15.4.10

THE ECONOMICS OF TENURE. As laid out by a self-described conservative mathematician.

Grant seeking and salary protection largely negate the "protection" to pursue work underappreciated by the broader community. As long as a significant portion of my income arises from research grants and as long as my yearly raises (and self esteem) are strongly dependent on the quality of my research (as judged by the community - not me), I have a very strong incentive to produce work that the scientific community highly values.

More positively, tenure allows me to pursue ambitious projects which have high possibility of failure. Andrew Wiles's dogged and ultimately successful pursuit of the Fermat conjecture gives a wonderful - but rare - example of tenure's support of ambitious but risky projects.

If tenure only rarely fulfills its putative role of promoting intellectual risk taking (at least in my field), what role does it serve? First, it lowers the cost of employment. Faculty exchange some salary for employment security. This is especially important in fields like mathematics and physics where there is a mythology asserting that your best work is done early in life. In sports, the expected diminution of talent with age is accompanied with early career salaries that suffice to fund the rest of your life.
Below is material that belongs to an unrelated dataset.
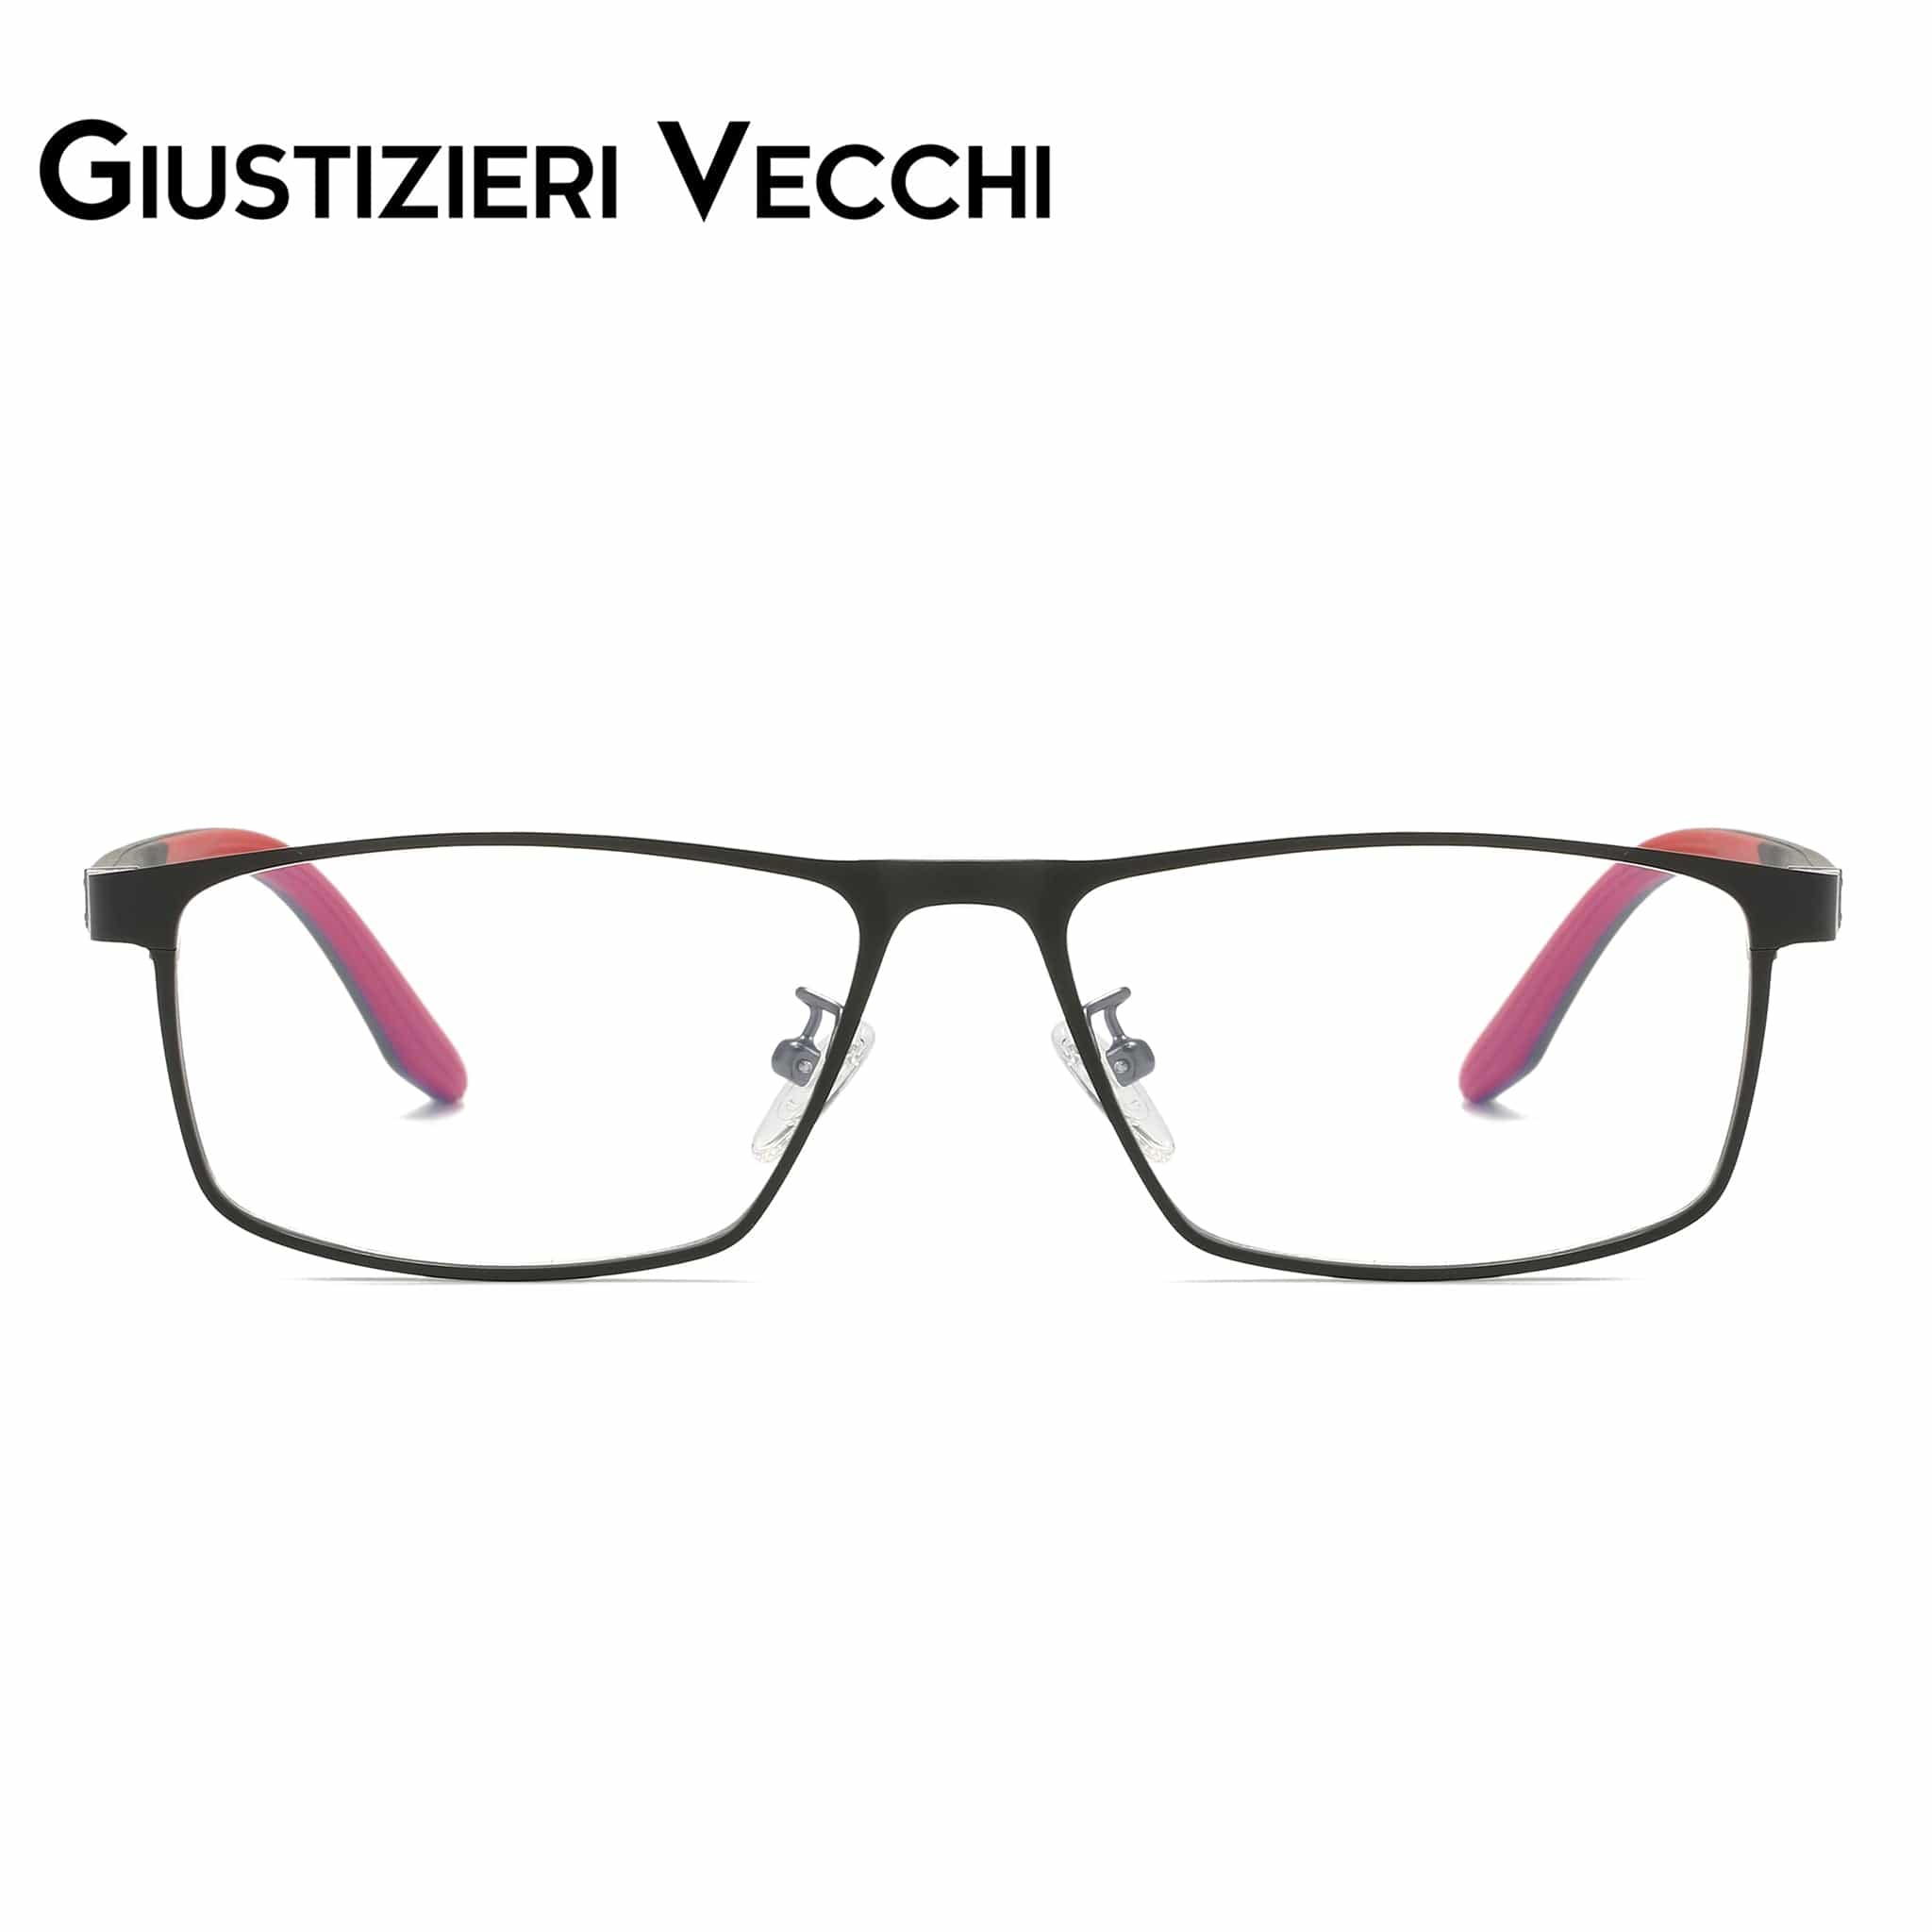 GIUSTIZIERI VECCHI Eyeglasses Large / Black with Red IceStorm Uno

In academics, your employment is protected, but you are expected to redirect your energies to greater teaching and administrative work if your research productivity declines in later years.

That last sentence is not completely accurate: more than one colleague has joked about receiving tenure because a vacancy came up on an important committee, and it's not clear whether the research decline precedes or is precipitated by the tasks that get in the way of real work. Go read and understand the entire post. Note that the institution of academic tenure might have evolved to reduce transaction costs idiosyncratic to knowledge production, and accordingly ought not be overturned without careful thought about the consequences.